2 Janvier 2017 , Rédigé par lucien-pons Publié dans #Comité pour une Nouvelle résistance, #Europe supranationale, #La France, #AMERIQUE, #L'OTAN., #La Russie, #Ukraine, #La Syrie - La Libye - l'Iran -, #le nazisme, #Les média

02/01/2017

Nos experts à l’oeuvre, encore et encore...

Capture d’écran 2017-01-02 à 21.41.38.png

capture d’écran de: http://rue89.nouvelobs.com/2017/01/02/dix-choses-a-savoir...

Un énième article de nos médias occidentaux, nous met en garde contre ce qui semble représenter une menace, je veux parler des sites russes Sputnik  et RT.

On y lit ce qu’on va bientôt finir par connaître par coeur à force d’être repris en boucle depuis des années par la quasi totalité de nos sites dits d'information.

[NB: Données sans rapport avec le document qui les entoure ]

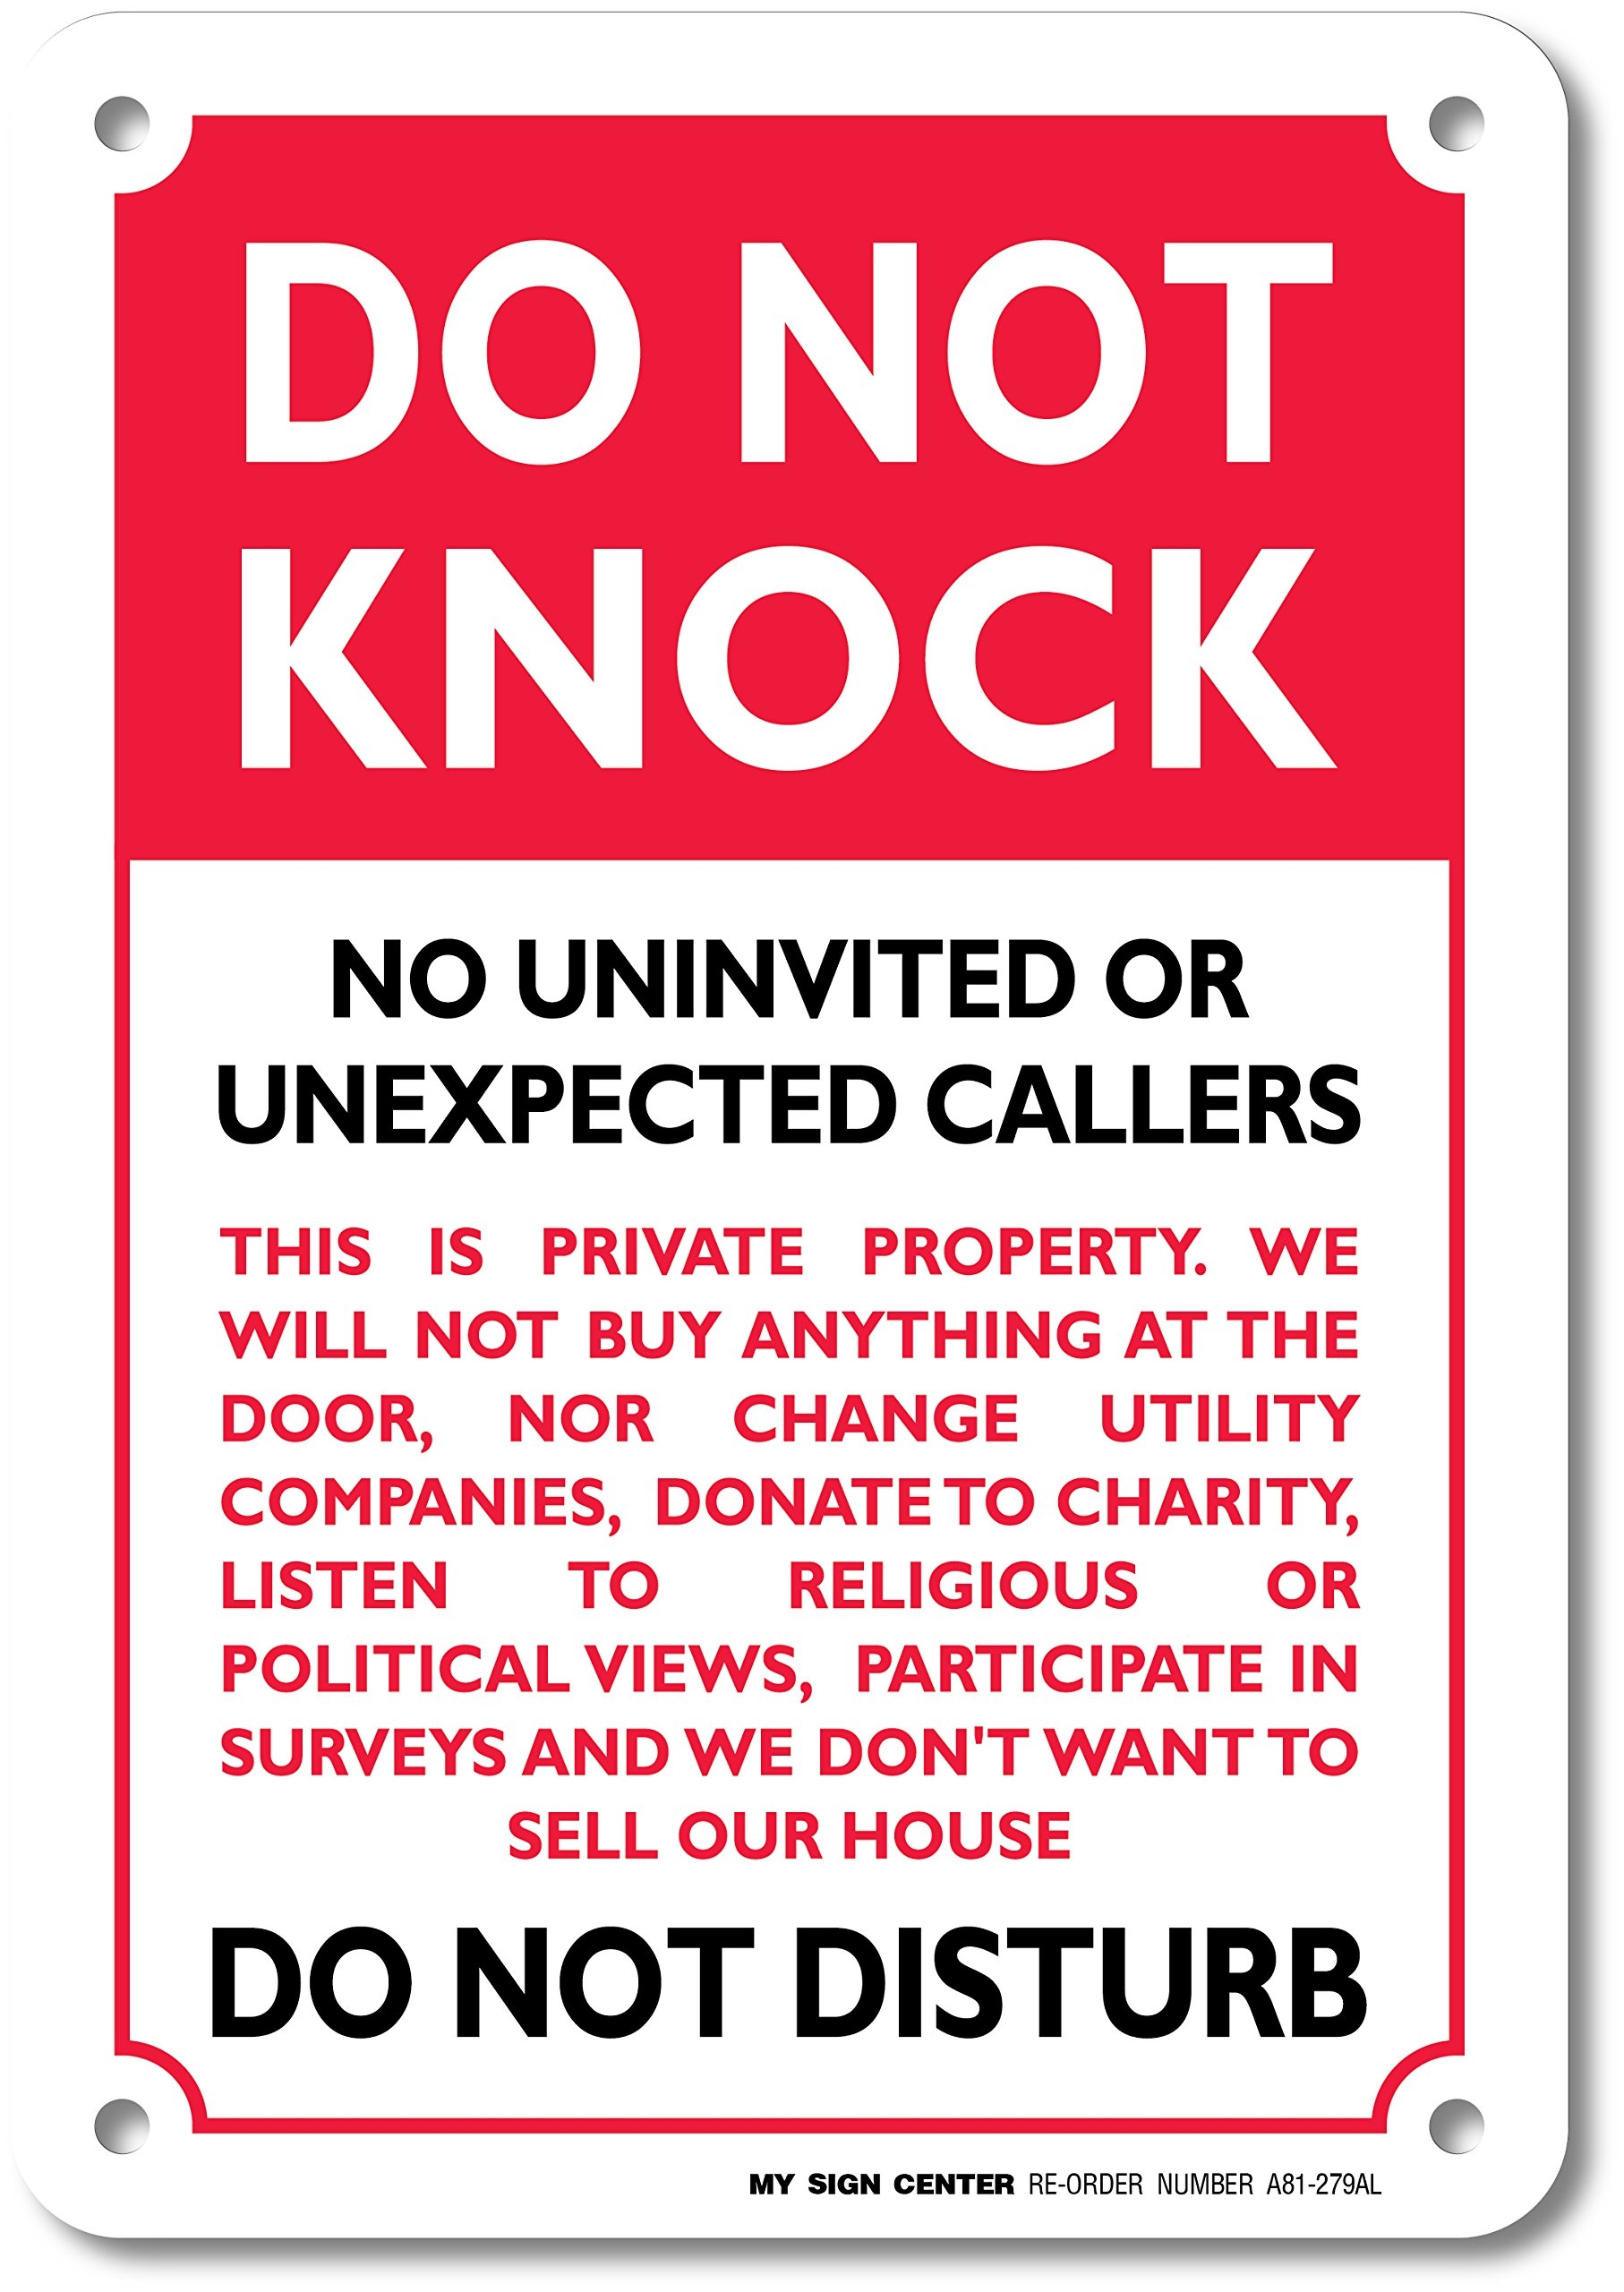 Amazon Do Not Knock No Uninvited Or Unexpected Callers Do Not Disturb Sign 7 X 10 0 40 Aluminum Fade Resistance Indoor Outdoor Use USA MADE By My Sign Center Red Patio Lawn

Eh oui, il est toujours important de rappeler que chez nous, on informe, ce qui, bien sûr, est loin d’être le cas en Russie.

On va finir par éprouver de la compassion pour ces journalistes qui se donnent tant de peine à nous expliquer ce qui se passe en réalité et combien nous risquons de nous faire avoir par cette (dés)information russe.

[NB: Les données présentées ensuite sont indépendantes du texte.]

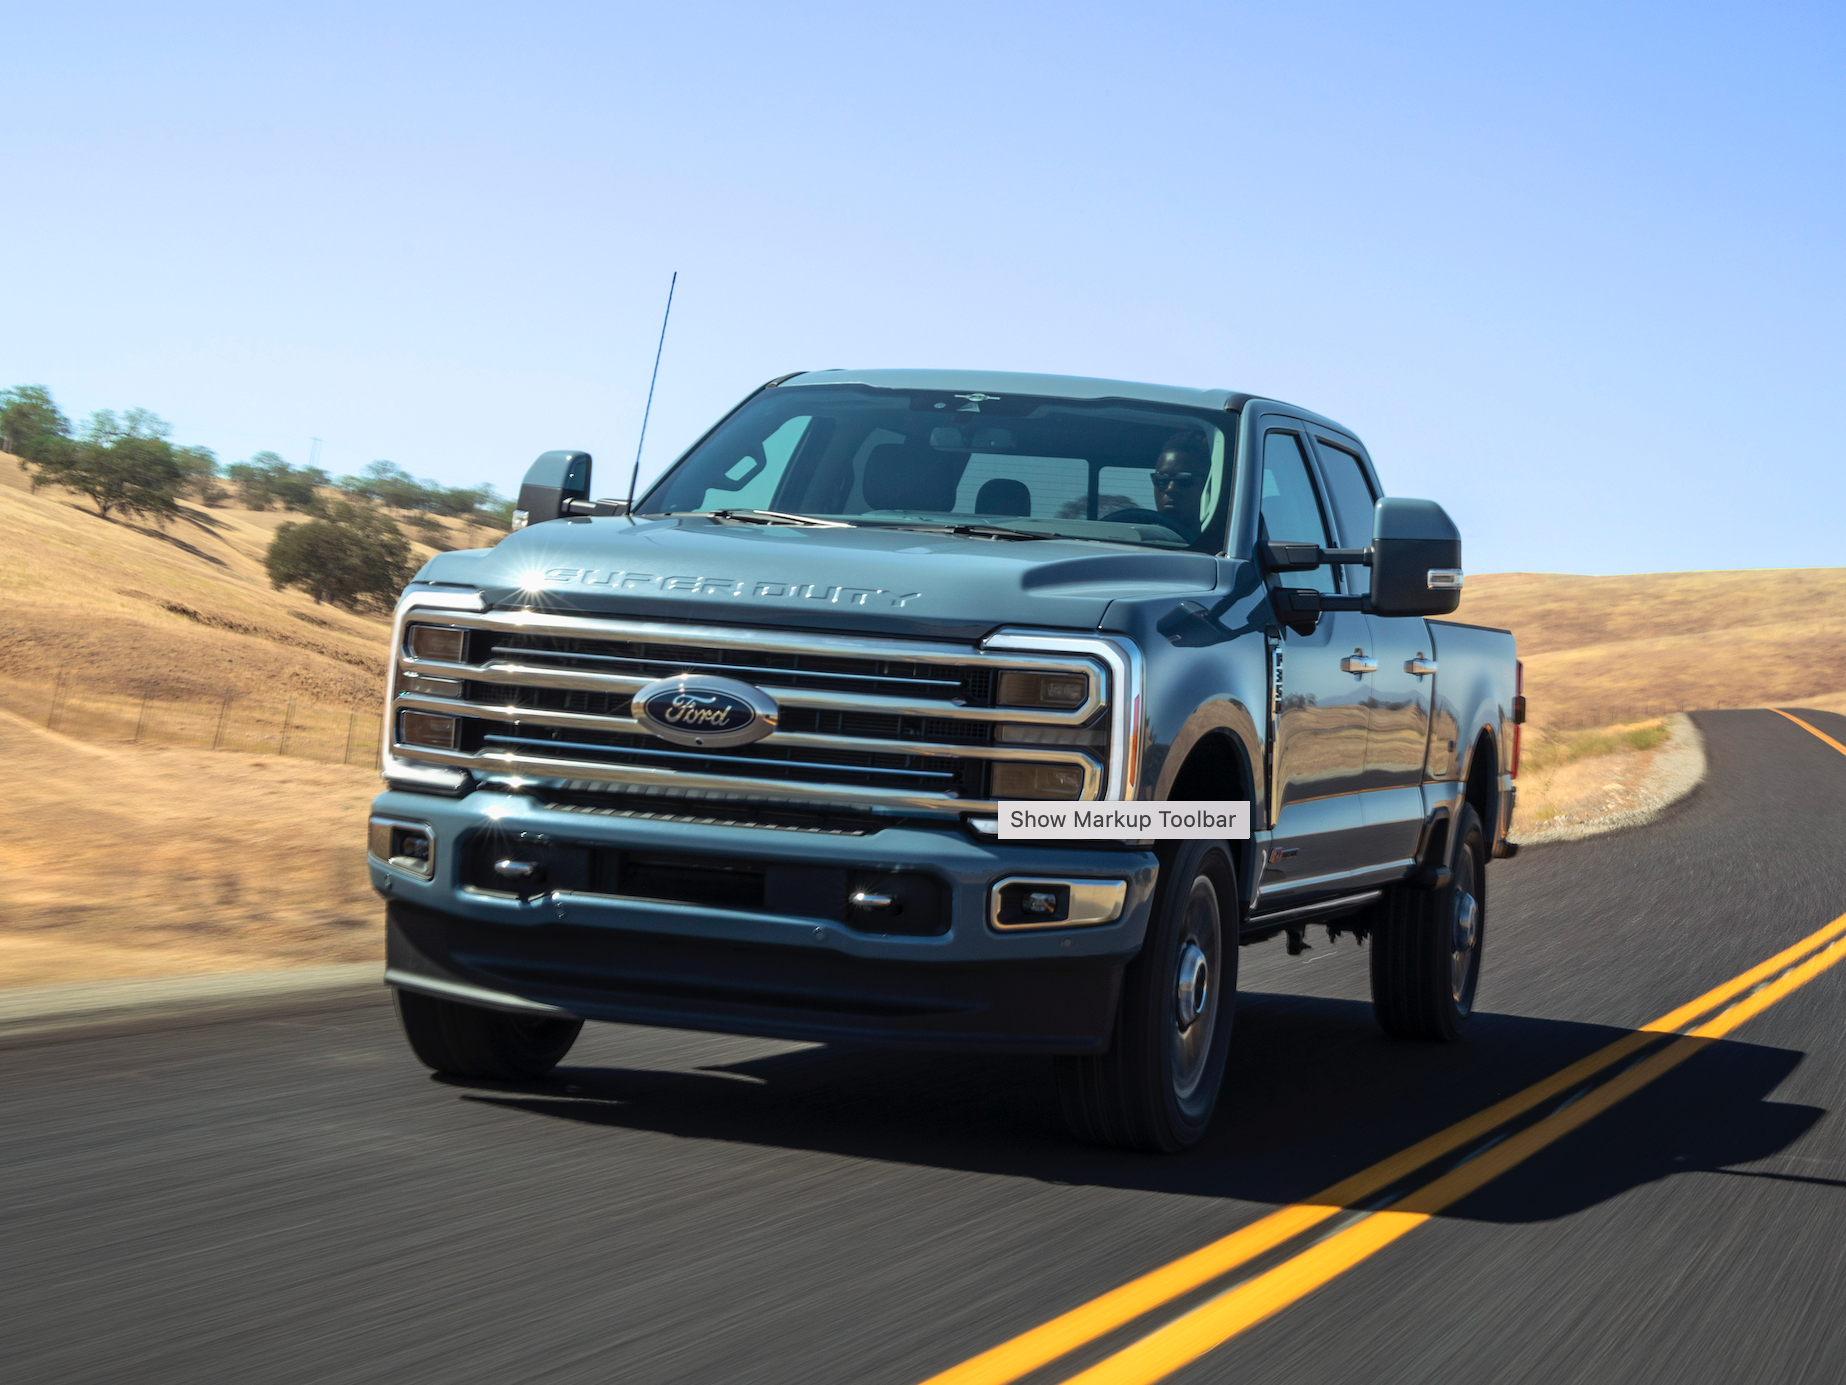 Ford Super Duty truck series uses mostly Windsor-built engines

Ont-ils seulement conscience, ces valeureux combattants de la vérité -si elle existe, ce qui est un autre problème- ont-ils donc seulement conscience de n’être que des porte-paroles de pouvoirs qui ne lésinent sur aucune valeur qu’ils semblent tant chérir?

Sont-ils donc au courant que leur manière de nous rendre compte de guerres, comme ils s’y sont employés avec celle qui se poursuit en Ukraine, par exemple, a été dévoyée pour masquer l’importance des exactions commises par un pouvoir si démocrate qu’il n’a pas hésité à tirer sur son peuple, le torturer et l’emprisonner quand il le fallait?

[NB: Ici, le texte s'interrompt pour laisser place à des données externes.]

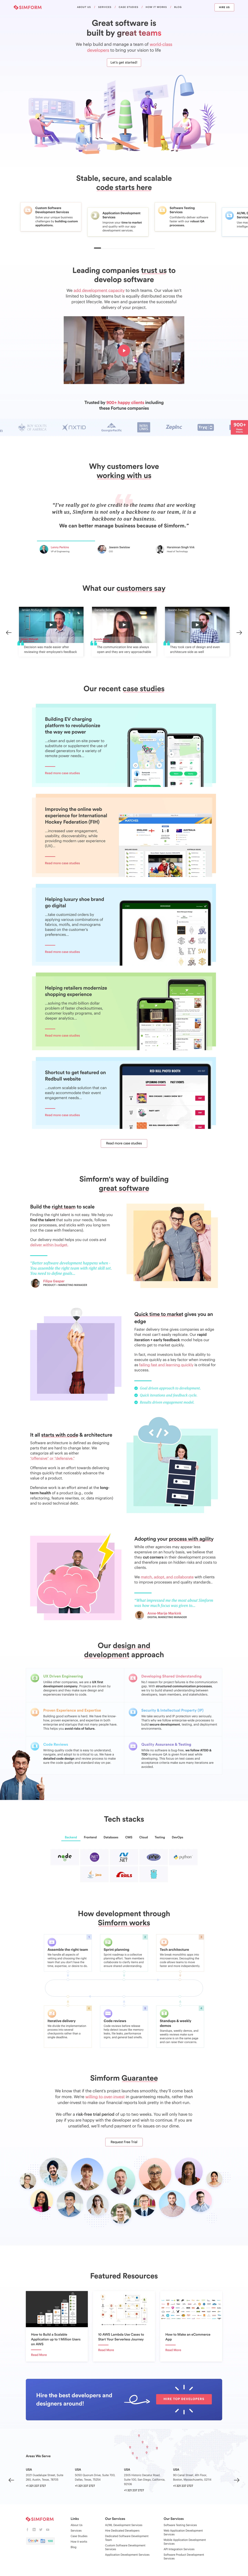 Simform Landing Page Example: Great software is built by great teams. We help build and manage a team of world-class developers to bring your vision to life.

Les mouvements néo-nazis sont une réalité, en Ukraine! Lequel de ces émérites reporters s’en serait offusqué? Qui a pris position pour dénoncer le massacre qui a eu lieu dans la Maison des Syndicats d’Odessa le 2 mai 2014?*

A-t-on vu un appel à manifester, des pancartes, des bougies, des fleurs ou tout autre façon de réagir à de tels actes? 

Quand les chefs de rédaction de nos médias admettront qu’ils ne sont que les porte-parole de pouvoir qui ne luttent que pour leurs intérêts, alors, on comprendra qu’ils s’en prennent à leurs rivaux.

* http://voix.blog.tdg.ch/archive/2014/05/03/rts-ukraine-la...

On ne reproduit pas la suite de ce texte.